Напоследок Сципион подарил очарованному юноше золотое кольцо, тунику, такую же, в какой ходил сам, плащ с золотой застежкой, боевого коня и отпустил его к дяде, дав в сопровождение сотню всадников. При этом Публий не только не требовал выкупа, но и не выразил никаких просьб или пожеланий к Масиниссе.
11
В три дня управившись с делами, Сципион созвал легатов и просто друзей на совет по вопросу о дальнейших действиях. Легат пропреторского звания, официально второе лицо в провинции Марк Юний Силан высказал мнение, что следует продолжать войну здесь, в глубине страны, преследовать Газдрубала, пока он не собрался с силами, а затем сразиться с двумя оставшимися пунийскими войсками. Кто-то ему возразил, кто-то поддержал эту позицию, пошли споры. Публий молчал, внимая другим.
Когда советчики стали затихать, либо выговорившись, либо устав от прений, он вышел вперед и, неторопливо прохаживаясь по небольшому кругу свободного пространства, обрамленного сидящими офицерами, изложил свои взгляды на предмет обсуждения.

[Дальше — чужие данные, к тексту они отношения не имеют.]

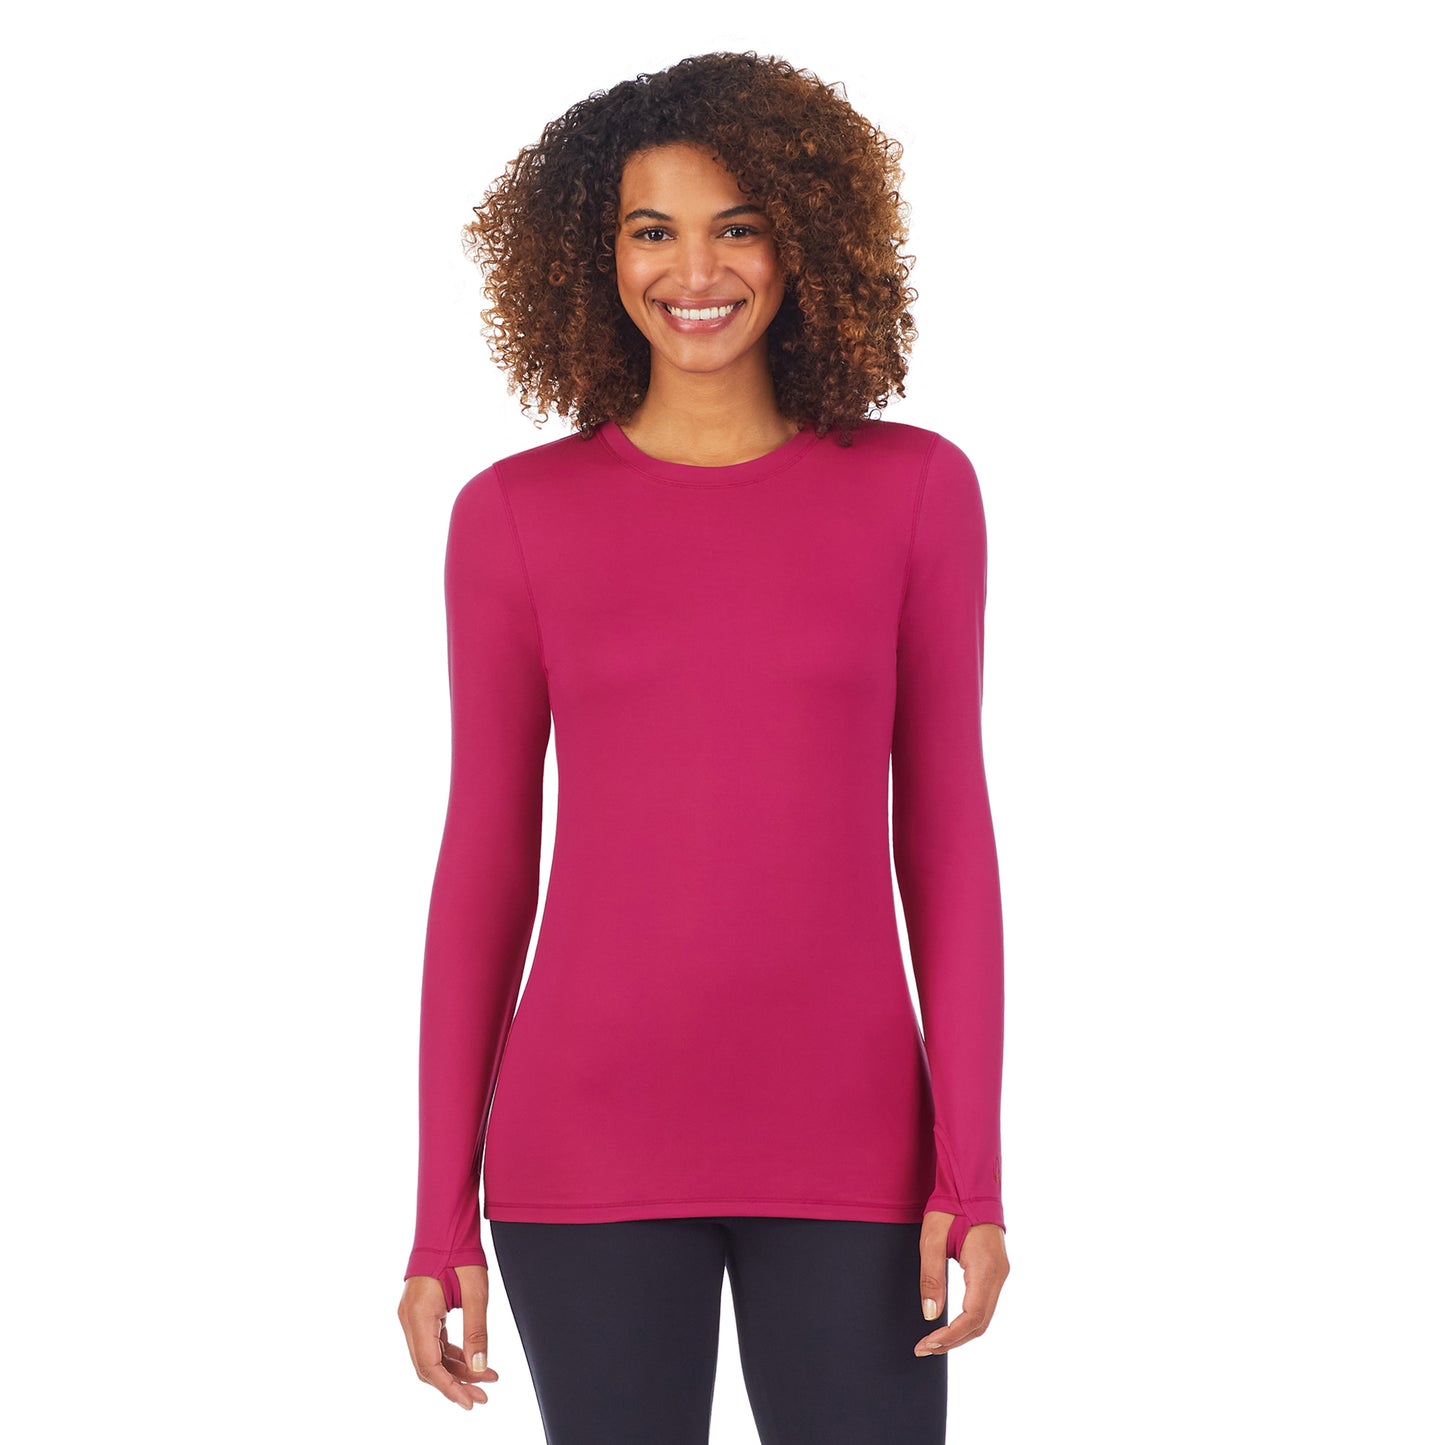 Magenta; Model is wearing size S. She is 5'11", Bust 32", Waist 25", Hips 35".@Upper body of a lady wearing magenta long sleeve crew.

Согласно его плану, следовало возвращаться в Тарракон и провести остаток года на своей базе. Основанием для такого решения служили две причины. Во-первых, приостановление боевых действий сейчас, когда римляне — победители, сохранит благоприятную ситуацию в Испании, при которой их слава проникает все глубже внутрь страны и привлекает к ним новые народы, в результате чего силы пунийцев уменьшаются и без сражений, тогда как в открытой борьбе с двумя, а возможно, и тремя войсками карфагенян, они, по всей видимости, потеряют инициативу, будут вынуждены обороняться, а это не прибавит им авторитета в глазах иберов при удачном исходе и вовсе перевернет политическую обстановку в случае даже незначительного поражения. Гораздо разумнее, по его мнению, внезапно напасть на противника весною, вновь придумав для него какой-либо сюрприз, чем биться с ним теперь, когда он готов к этому и собрал воедино все силы, когда личная вражда вождей отступила на последний план перед общей опасностью. А во-вторых, риск утраты доминирующего положения в Испании грозит Италии, где римский народ ведет тяжелейшую войну с захватчиком, ибо исполнению давней мечты братьев Баркидов — привести испанские войска на помощь Ганнибалу — препятствуют только неудачи в Испании, заставляющие младших братьев больше заботиться о своих непосредственных делах и откладывать реализацию этого замысла. При существующих обстоятельствах пунийцы крепко увязли в Испании и не смеют помышлять о дальнем походе, что дает Риму, уже добившемуся перелома в войне с Ганнибалом, еще, как минимум, год времени на закрепление успеха.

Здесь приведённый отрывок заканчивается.